The investigators saw signs of fatigue, including reduced pupil dilation, only in the group doing the hard cognitive work. Participants in that group also showed in their choices a shift toward options proposing rewards at short delay with little effort. “Choice-related fatigue markers were only present in the high-demand group, with a reduction of pupil dilation during decision-making and a preference shift toward short-delay and little-effort options …” the scientists pointed out.

Critically, they also had higher levels of glutamate in synapses of the brain’s prefrontal cortex. “At the end of the day, high-demand cognitive work resulted in higher glutamate concentration and glutamate/glutamine diffusion in a cognitive control brain region (lateral prefrontal cortex [lPFC]), relative to low-demand cognitive work and to a reference brain region …” they pointed out.

Together with earlier evidence, the authors say the study findings support the notion that glutamate accumulation makes further activation of the prefrontal cortex more costly, such that cognitive control is more difficult after a mentally tough workday. “This pattern of results is compatible with the assumption of an increase in the cost of cognitive control, related to the necessity of maintaining glutamate levels within acceptable boundaries,” the investigators wrote. “The elevated cost would both limit the recruitment of cognitive control during choice and bias decisions away from costly options.”

So, is there some way around this limitation of our brain’s ability to think hard? “Not really, I’m afraid,” Pessiglione said. “I would employ good old recipes: rest and sleep! There is good evidence that glutamate is eliminated from synapses during sleep.”

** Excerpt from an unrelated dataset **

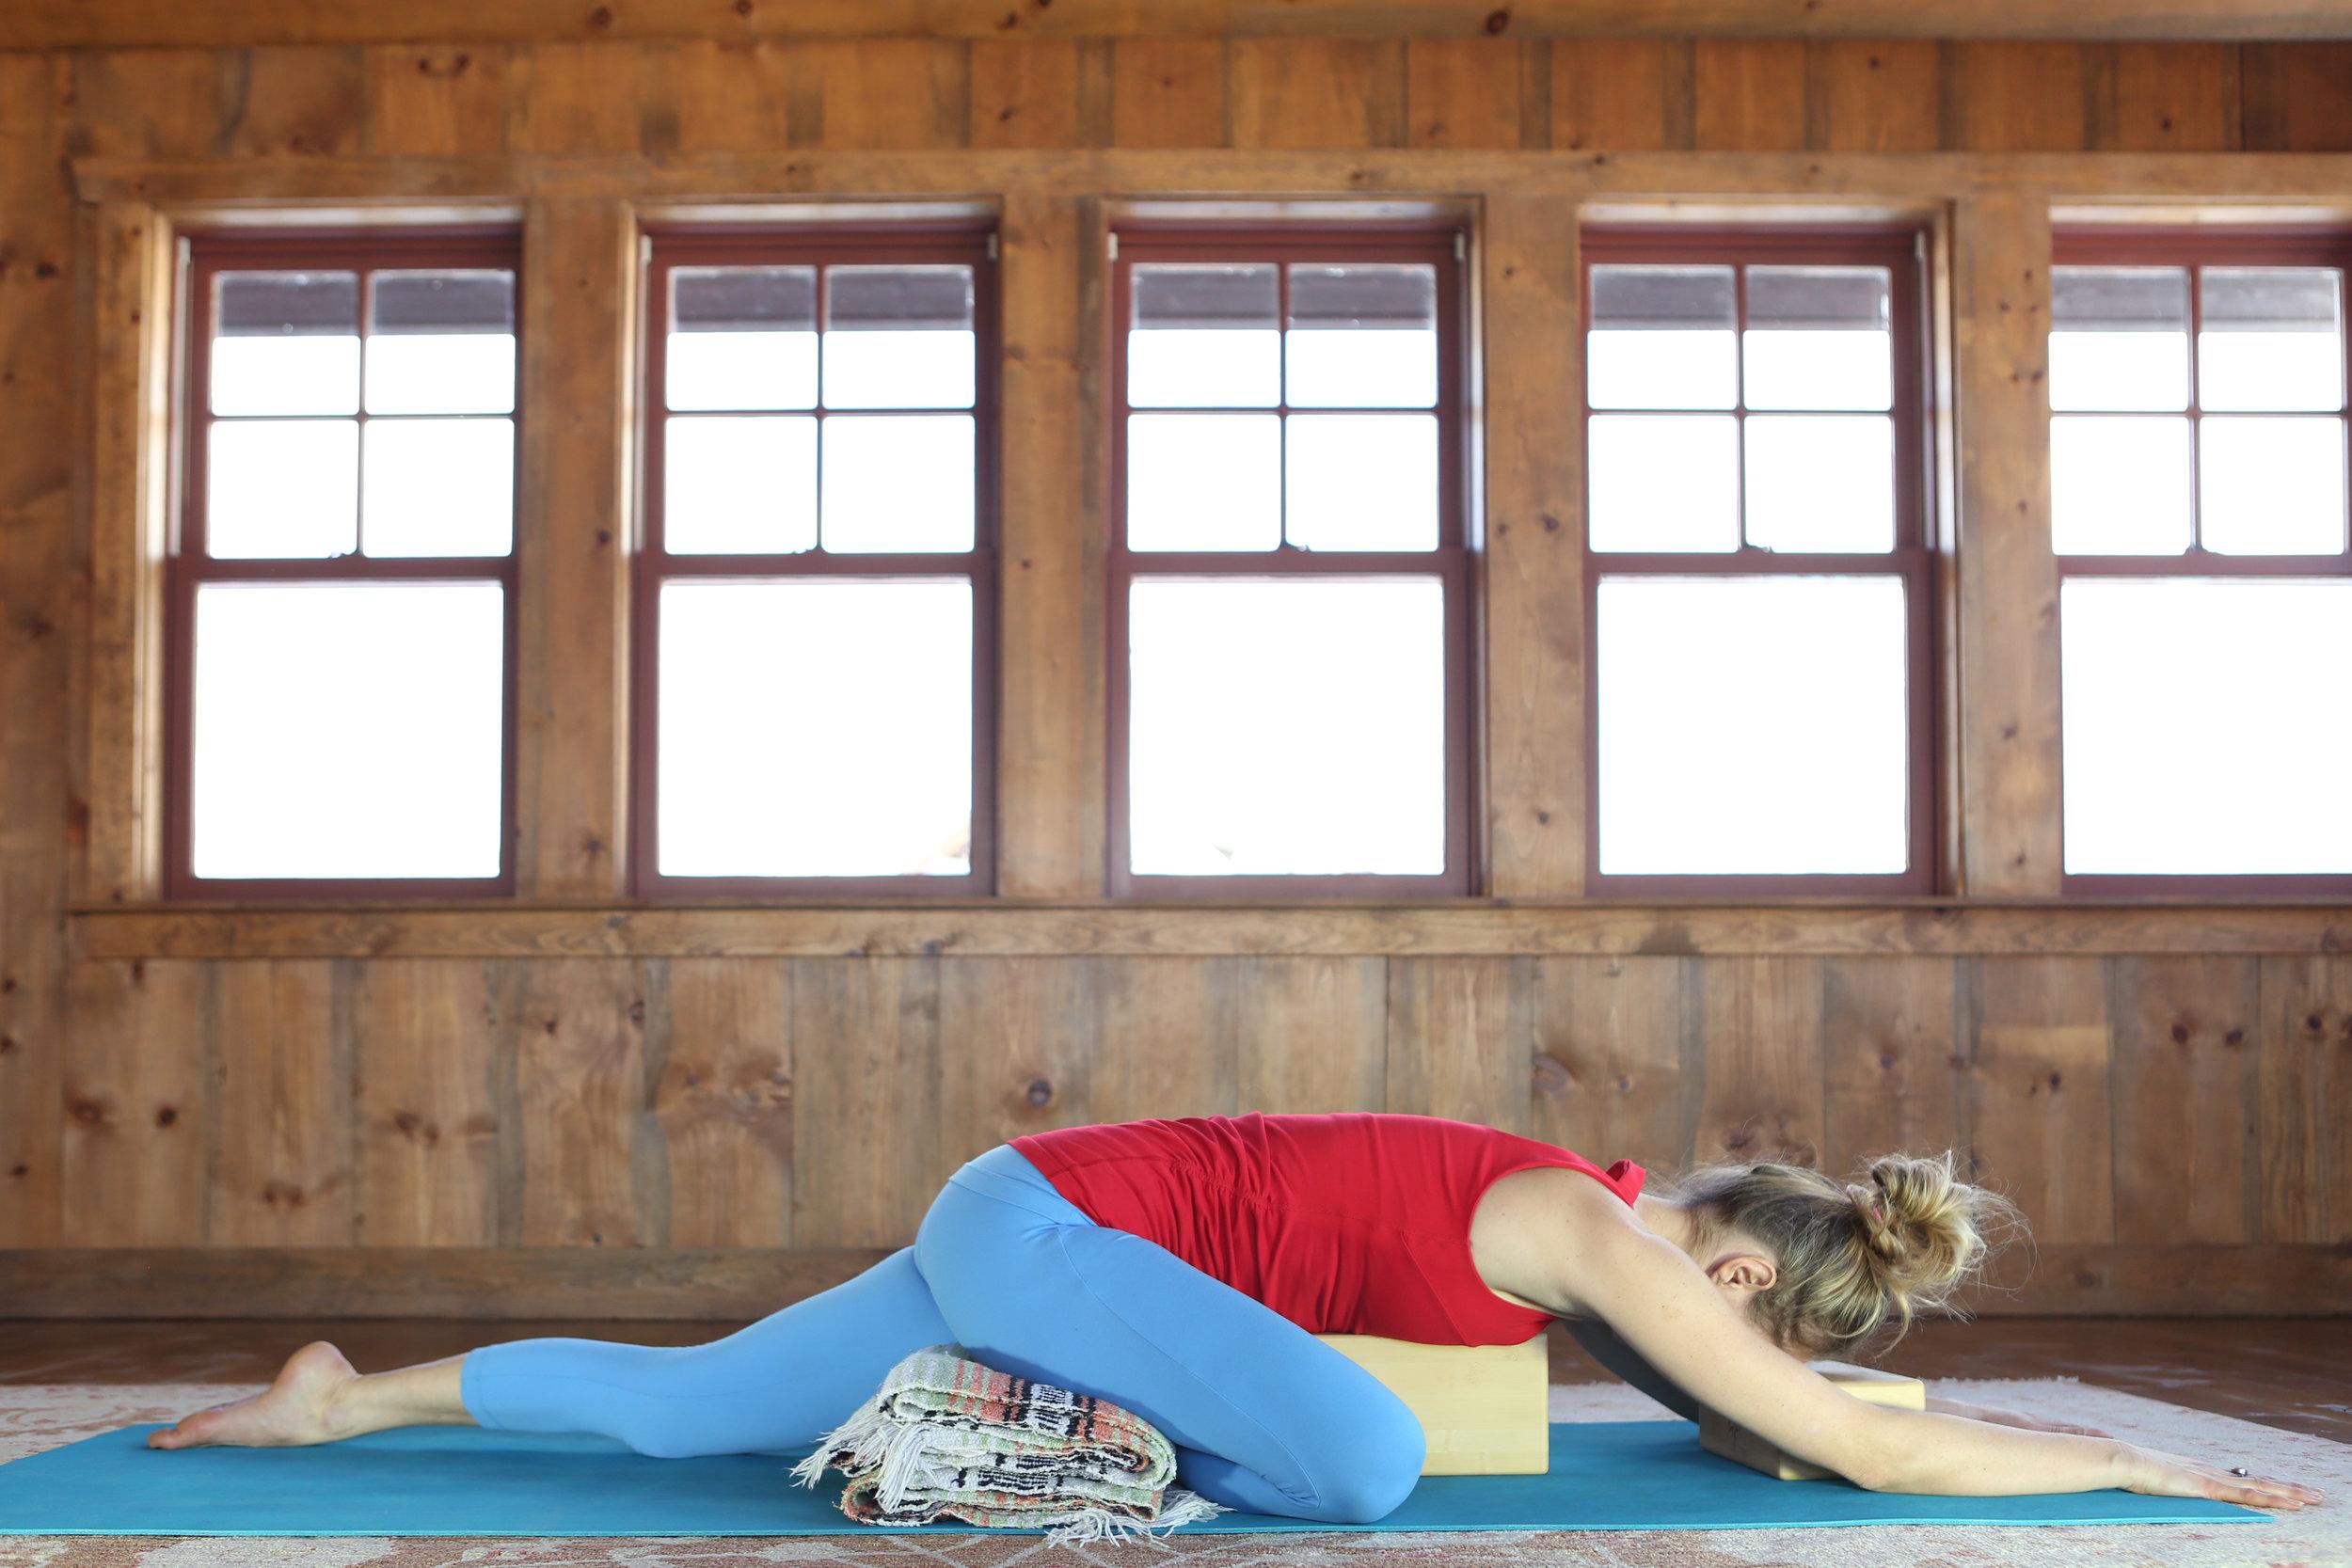 3 Restorative Poses to Optimize Organ Function - Yoga Journal

The authors acknowledged that their reported findings are “ … only correlational and cannot be taken as proof that what limits cognitive control exertion is the need to prevent glutamate accumulation. Causal manipulations would be required to validate this assumption,” they stated.

Nevertheless, as they pointed out, “Taken together with previous fMRI data, these results support a neuro-metabolic model in which glutamate accumulation triggers a regulation mechanism that makes lPFC activation more costly, explaining why cognitive control is harder to mobilize after a strenuous workday. … it has been shown that glutamate concentrations decrease during sleep, in relation to EEG slow-wave activity. Glutamate could therefore belong to the potentially toxic substances that are eliminated during sleep, which could mediate recovery from cognitive fatigue.”

In future studies, the investigators hope to learn why the prefrontal cortex seems especially susceptible to glutamate accumulation and fatigue.